On the flipside of the coin, under-tapering occurs when athletes fail to taper long enough to exploit the full performance benefit of freshening. This is especially common in new athletes who are nervous about dropping fitness leading into the event. This attitude is especially damaging during late race week when it becomes important to drop training load below the athlete’s chronic training load to allow supercompensation of glycogen stores to occur. Put more simply, in the last 72 hours pre-race, you want to be making deposits into your body’s glycogen account, not withdrawals.


As you peak, decrease your overall volume. If you have been doing 3 hr rides and 4x 400 meters running on the track do 90 minutes in the saddle, and 2 or 3x300m intervals. You want to stay fresh and sharp but not worn down. Workouts should be short and sweet. They might burn but you should recover fast. By maintaining or even increasing your intensity, your body thinks that training is still on full blast and your body will continue to adapt full blast. But… you have decreased the volume and by the time it realizes that you have actually done less your body has over compensated and your flying. Further hone this adaptation with race specific workouts in a race specific environment and you will be more ready on race day than you ever imagined.

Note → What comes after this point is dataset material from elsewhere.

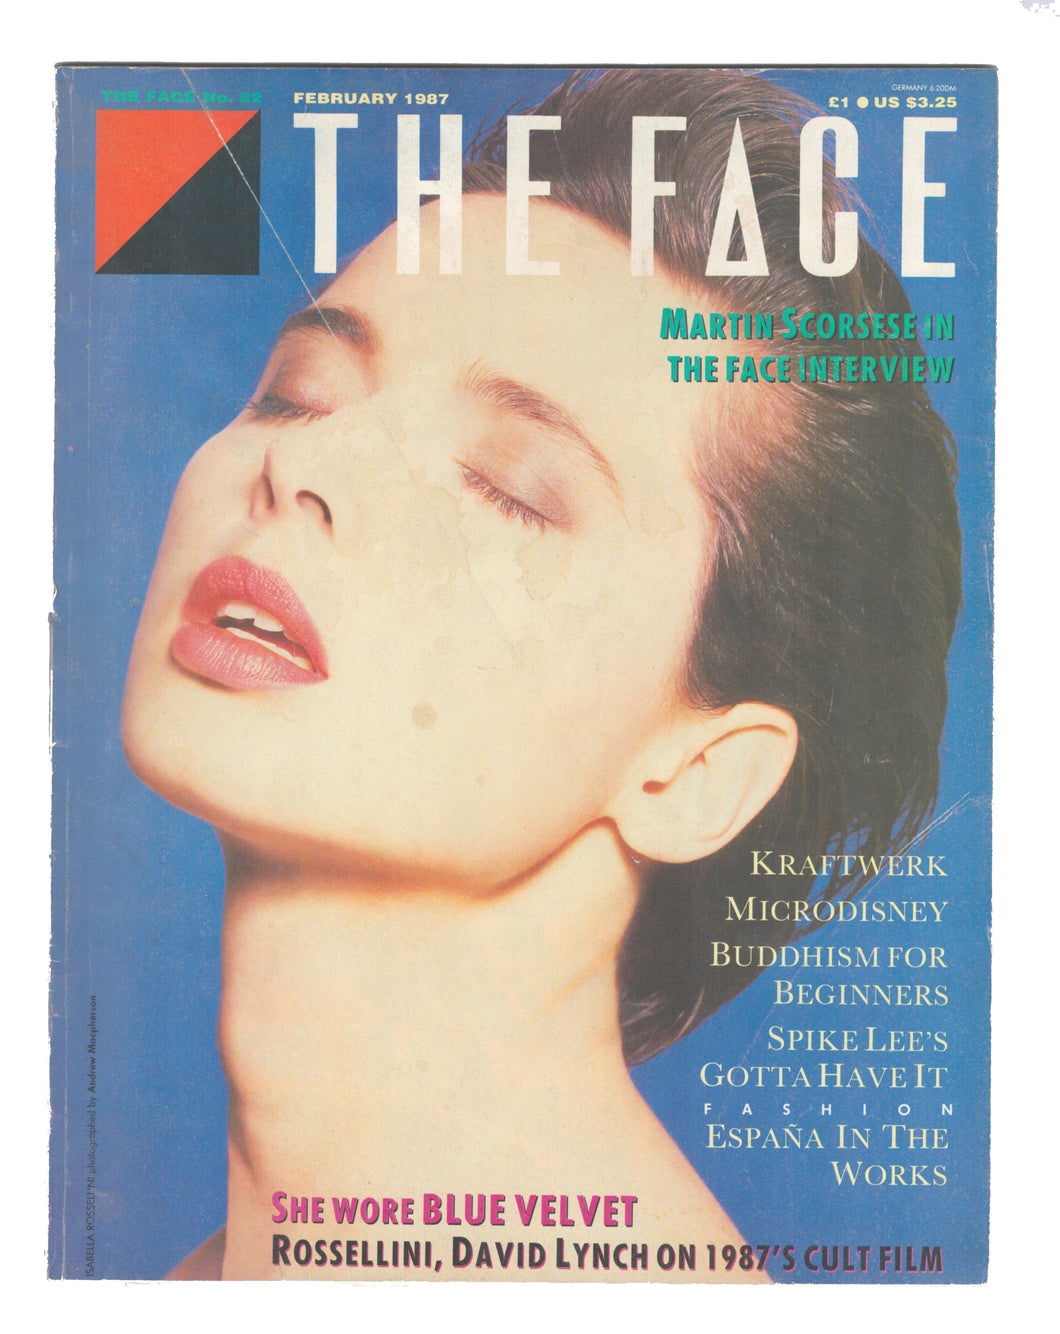 The Face No 82 Feb 1987

While this decreased training time will be nice you should still treat yourself well. Treat yourself like your still training hard. Get that recovery drink even if you feel you don’t need it. Get plenty of sleep and keep up on stretching, etc…
The other item you will need to keep busy is your brain. Don’t think too much. Go over the race plan, make sure the tires on the bike are in good shape and just go. You have done this in training so you can do it in the race. Remember there is not much you can do to get faster in the week or three before the big race but you can do everything to blow it. So stay the course. Take care. Eat the extra pasta. Skip the morning swim if your feeling tired. And don’t be afraid to light it up a few times. Show your stuff, whether in a race or a short hard work out with the training partners. You have been looking at your heart rate and power meter all season staying in “your zone”. Time to see how far you can push yourself!

Peaking for an event optimally remains an art form, trying out the suggestions above might afford you a significant leg up on your competition. It’s not always the fittest athlete who wins.